Swimming upstream
This week I’m struggling with the joys? of upstream changes and trying to sort out where support should happen and where it realistically will happen. The story starts with a somewhat major change between Python 2 and Python 3, namely that given a dictionary d = {'a':1, 'b':2, 'c':3}
, d.keys()
, d.values()
, and d.items()
now return dictview objects. Now deep down the matplotlib stack, data almost always gets converted into a numpy array…and that’d be fine ‘cept this is what happens when you try to turn view into an array:
In [6]: np.asarray(d.keys())
Out[6]: array(dict_keys(['c', 'a', 'b']), dtype=object)
In [7]: np.array(d.keys())
Out[7]: array(dict_keys(['c', 'a', 'b']), dtype=object)
So that thing it returns? array(dict_keys(['c', 'a', 'b']), dtype=object)
isn’t indexible or iterable and is in fact a 0-d array. This is why to work with dicts in python3 in matplotlib, the current protocal is:
plt.bar(list(d.keys()), list(d.values()))
which I feel is rather unweildy.
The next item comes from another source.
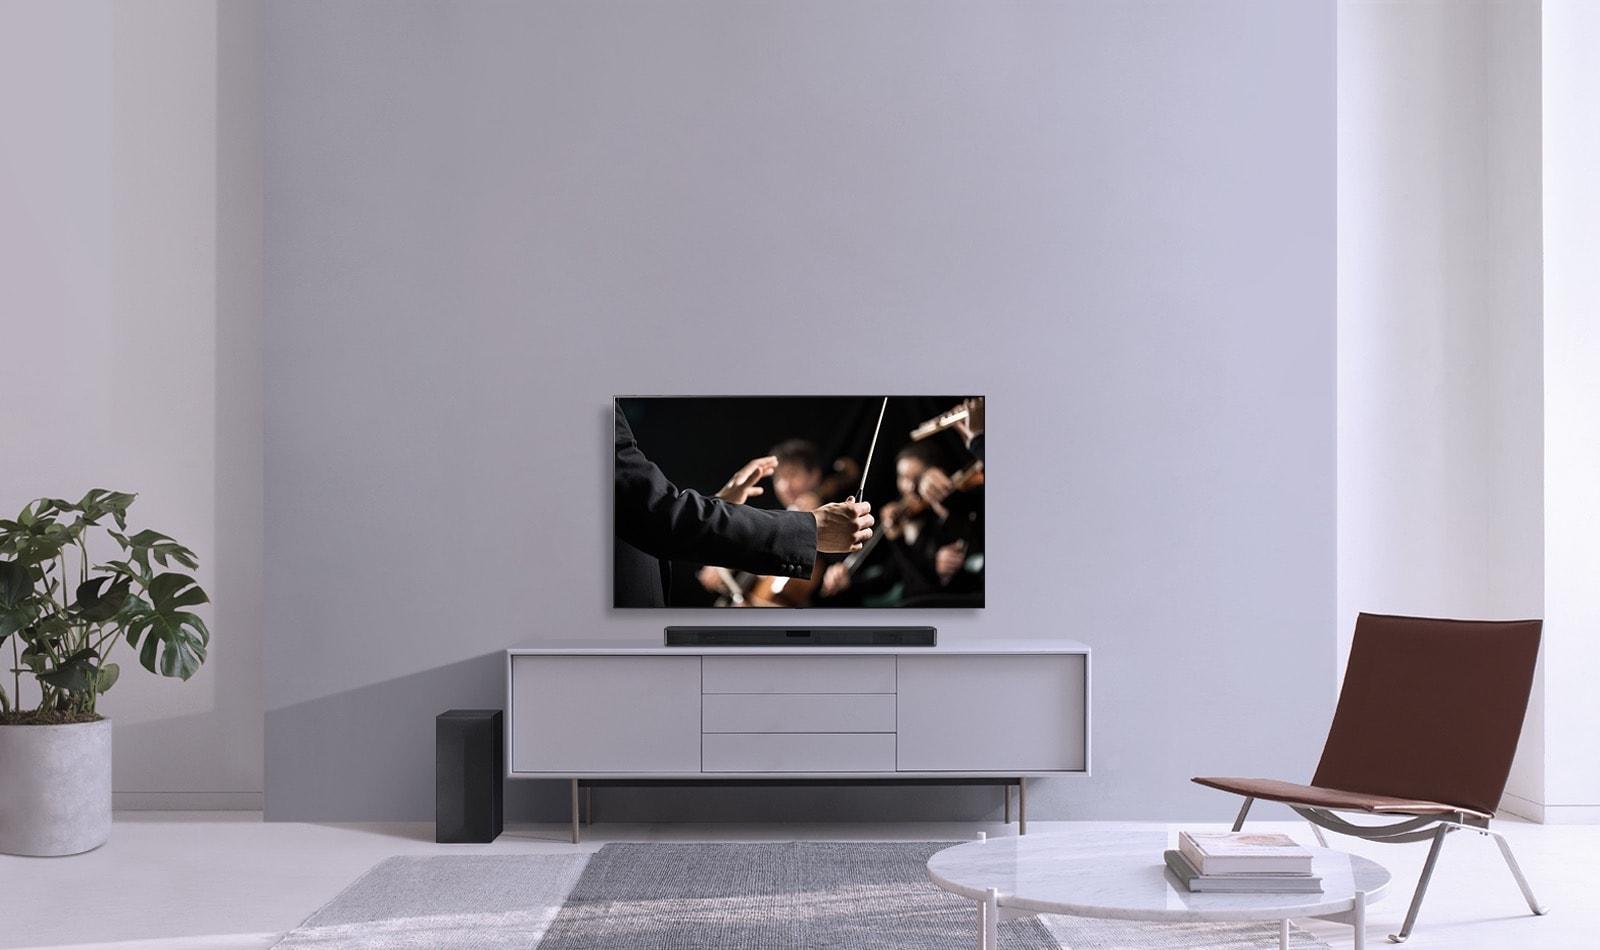 CAV-SoundBar-SL4-06-TV-Sound-Sync-Desktop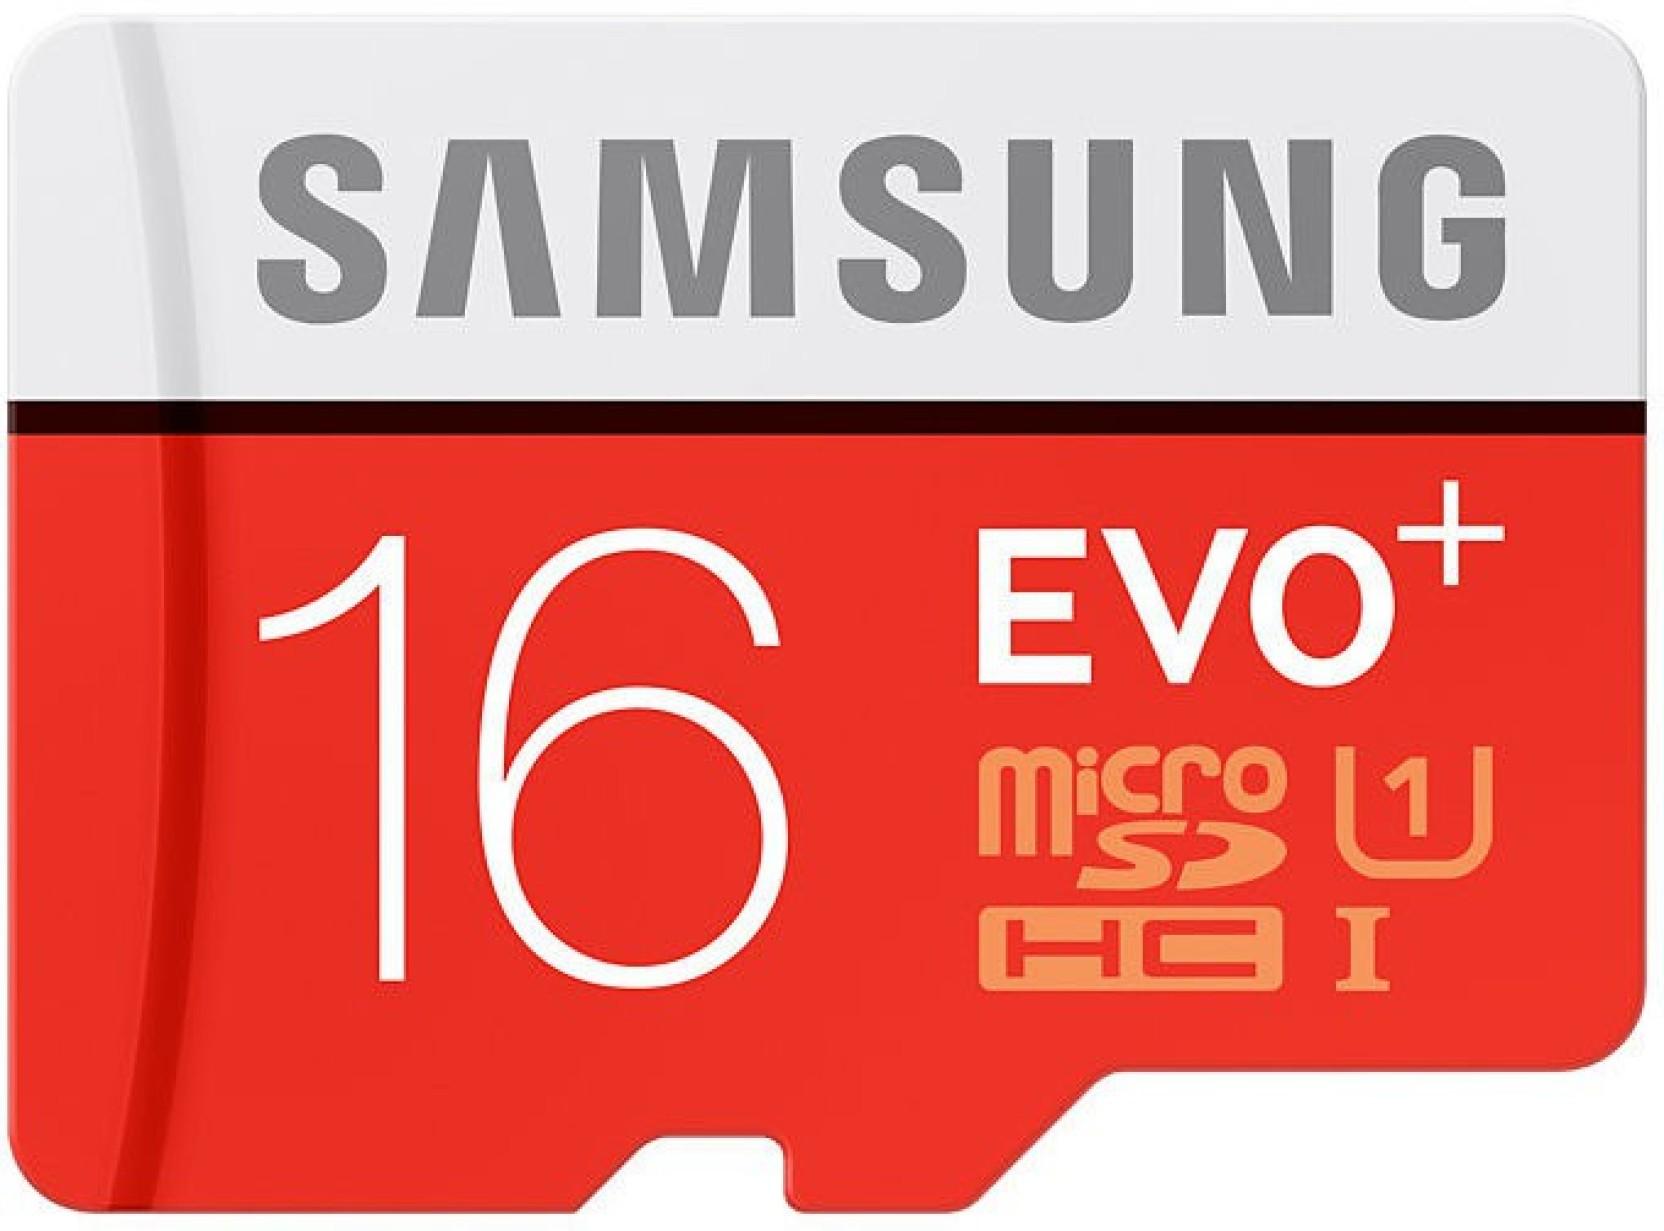 Samsung Evo Plus 16 Gb Microsdhc Class 10 80 Mb S Memory Card Sandiskultra Microsd 32gb 48mbps Add To Cart

And so I proposed to my mentors that I write something that’ll support dicts natively and in theory be extensible to other non-numpy friendly datatypes…Step one was figureing out what datatype would go in an isinstance
check. Here I got super confused ‘cause type(data.keys())
returns dict_keys
and the documentation says dictview
and neither of those work in isinstance
. Was frustrated and so popped into #python-dev (‘cause I thought it was a docs/api inconsistency) where I was told that dictview
and the rest won’t work ‘cause of a deliberate choice to not make them builtins and the type to use for introspection is collections.abc.MappingView
. The docs confusion is now issue #27544 with a developer provided patch that’s awaiting review.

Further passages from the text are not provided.